Please transcribe the listing below in full and word for word, without its pictures.

* [Given information]:
== == ==
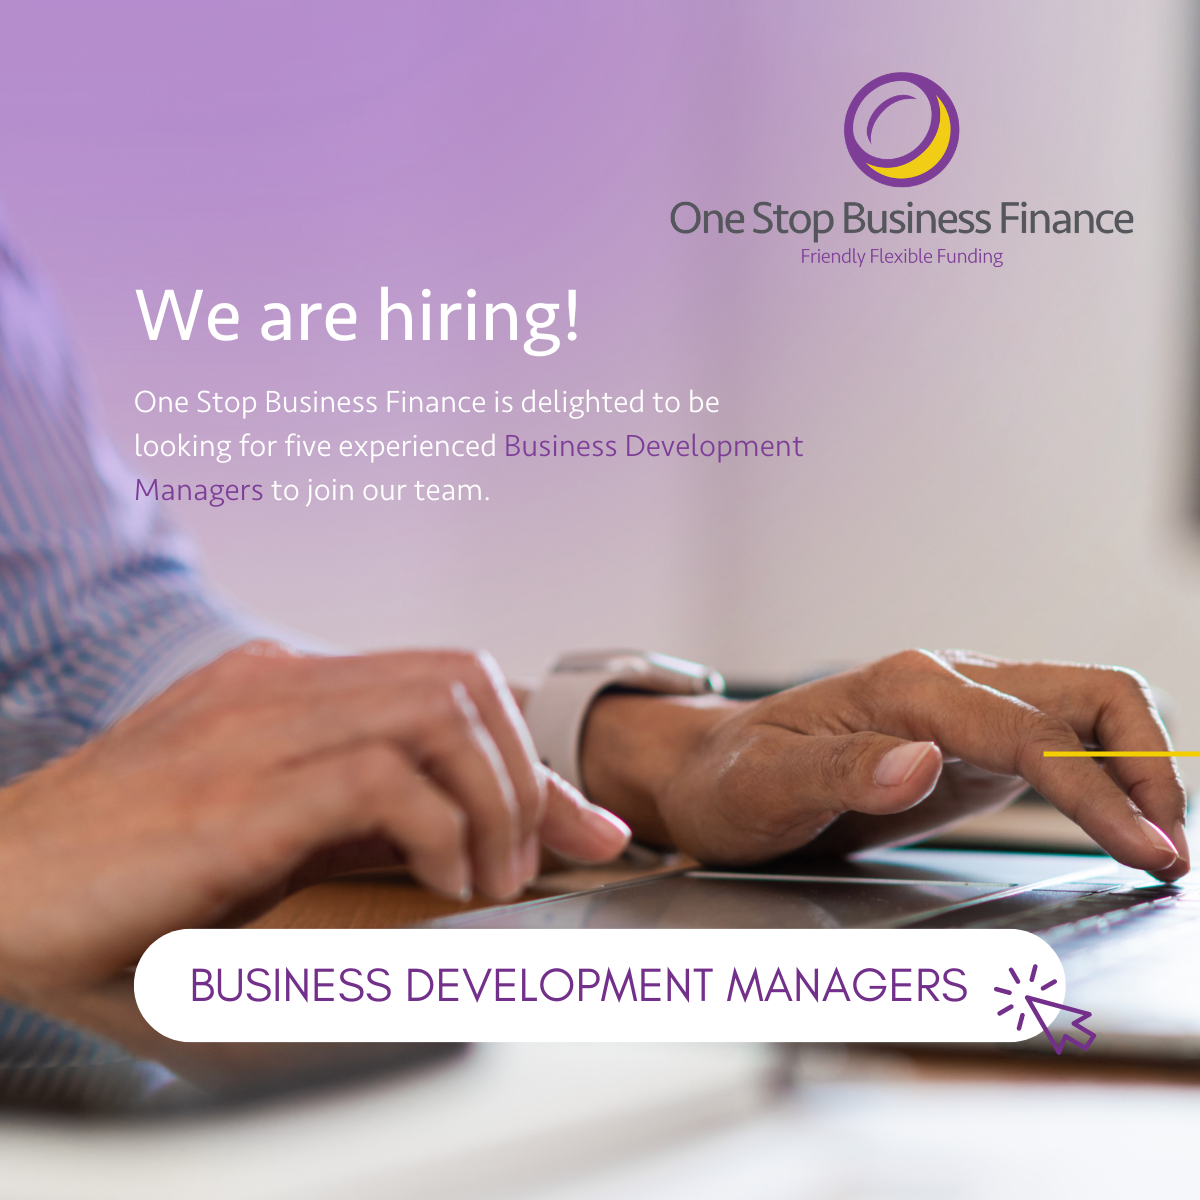 We're hiring! We're on the hunt for five Business Development Managers
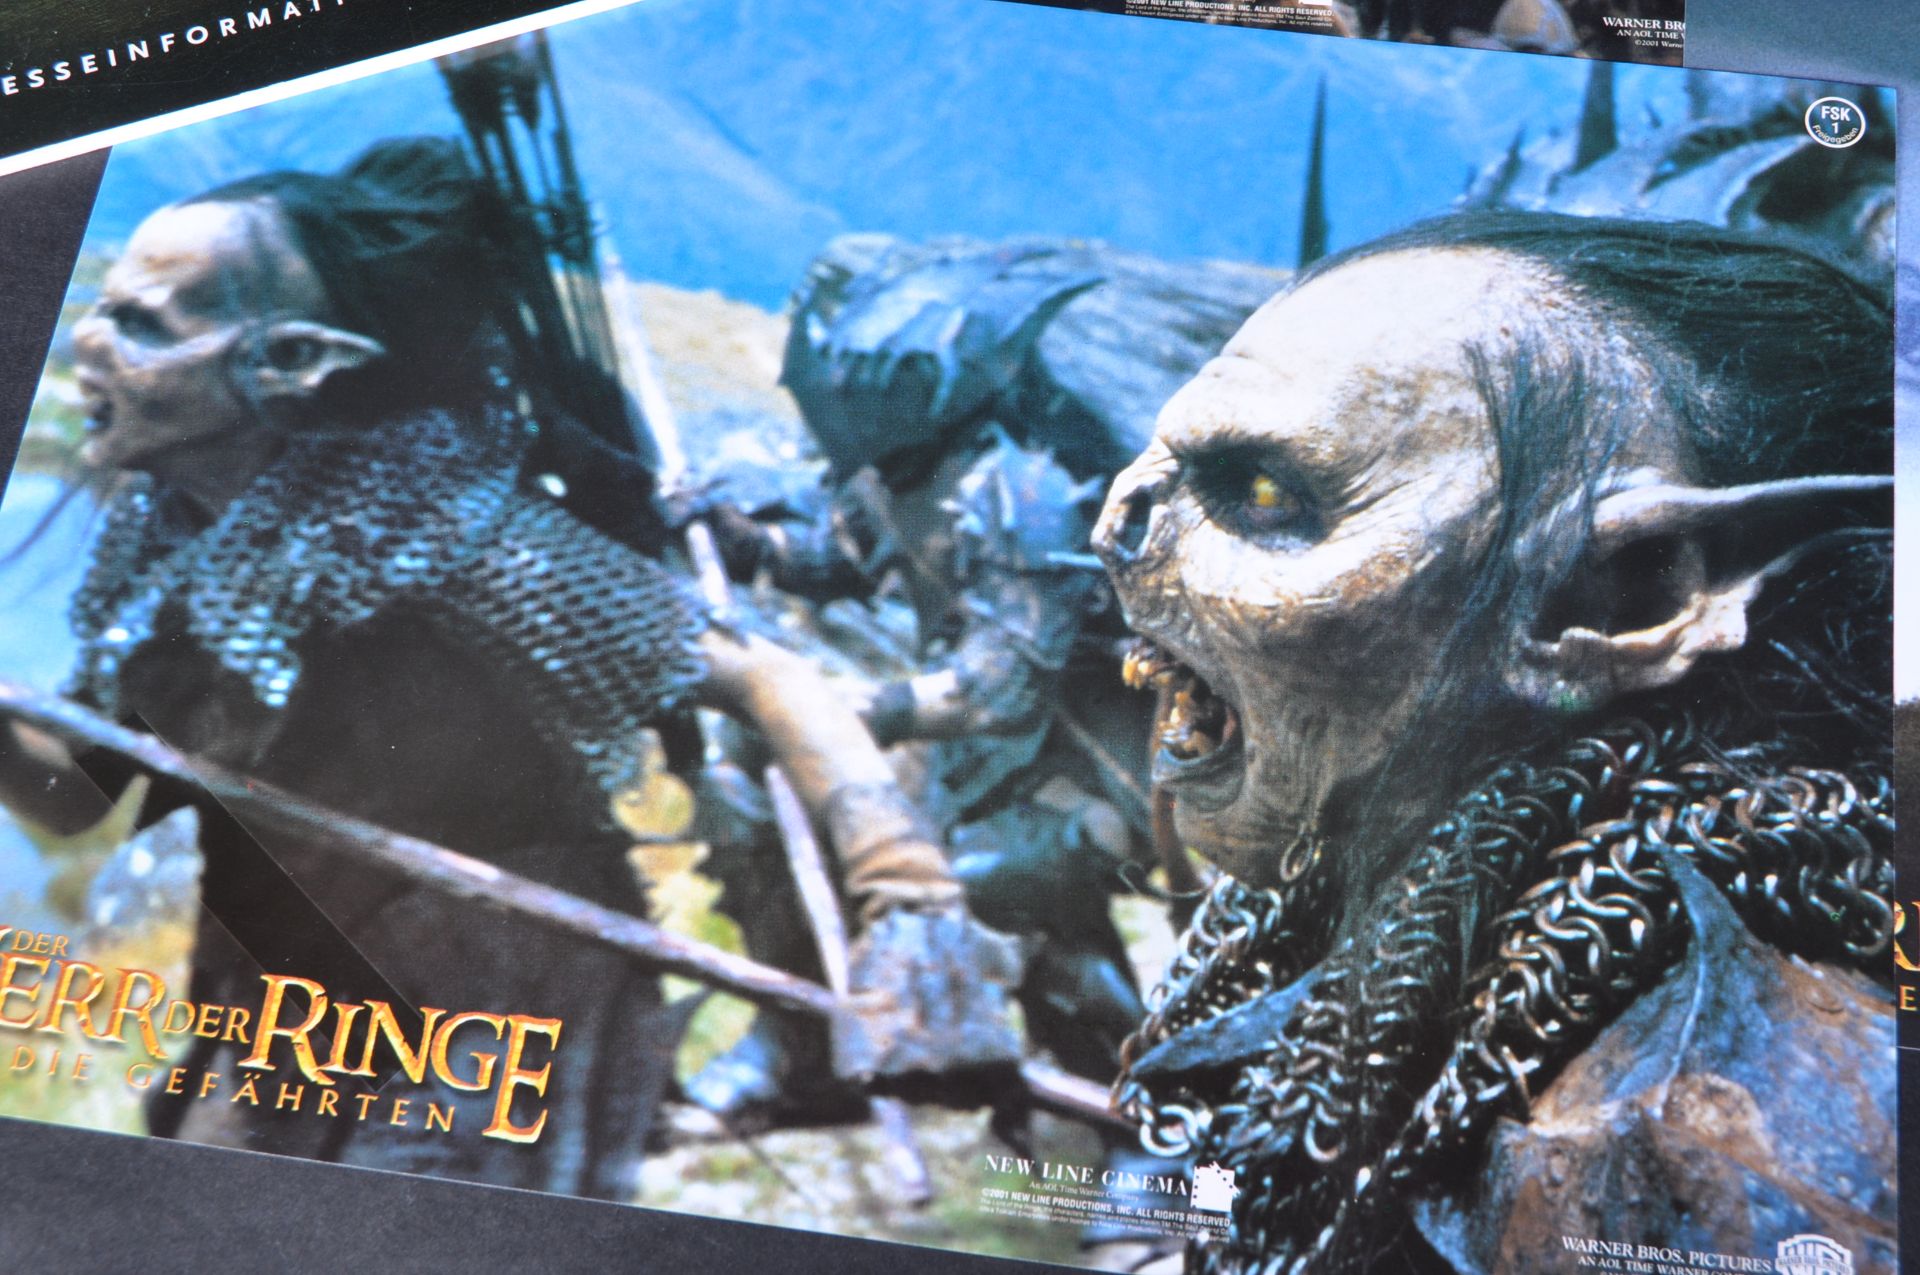 LORD OF THE RINGS - FELLOWSHIP OF THE RING - GERMAN CINEMA LOBBY CARDS - Image 4 of 8
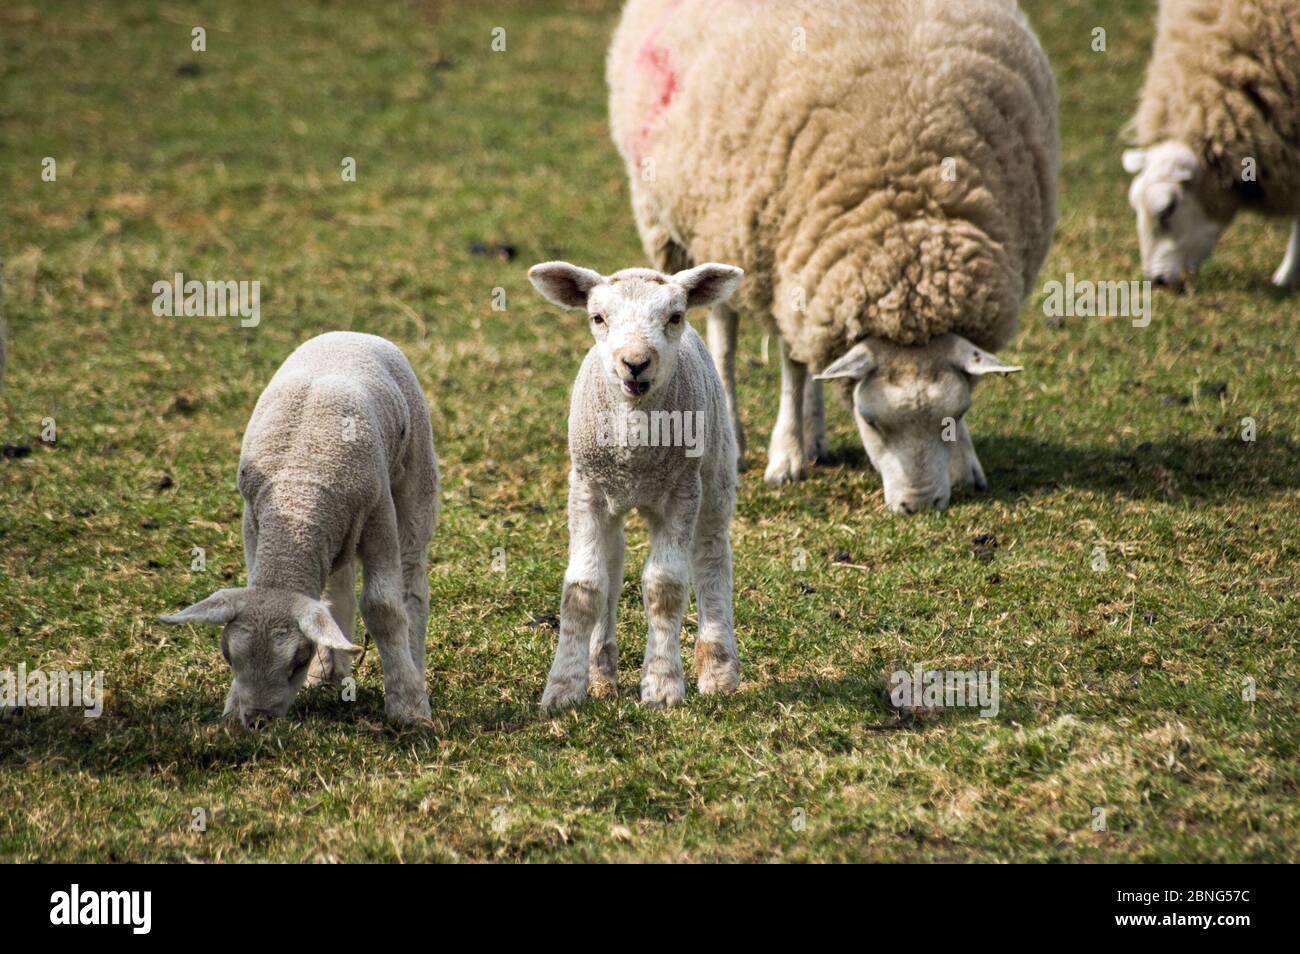 A curious lamb gazes at the viewer as its twin and other sheep continue grazing in a field. Stock Photo
== == ==
* [Solution for this exercise]:
 We're hiring! We're on the hunt for five Business Development Managers
 LORD OF THE RINGS - FELLOWSHIP OF THE RING - GERMAN CINEMA LOBBY CARDS - Image 4 of 8
 A curious lamb gazes at the viewer as its twin and other sheep continue grazing in a field. Stock Photo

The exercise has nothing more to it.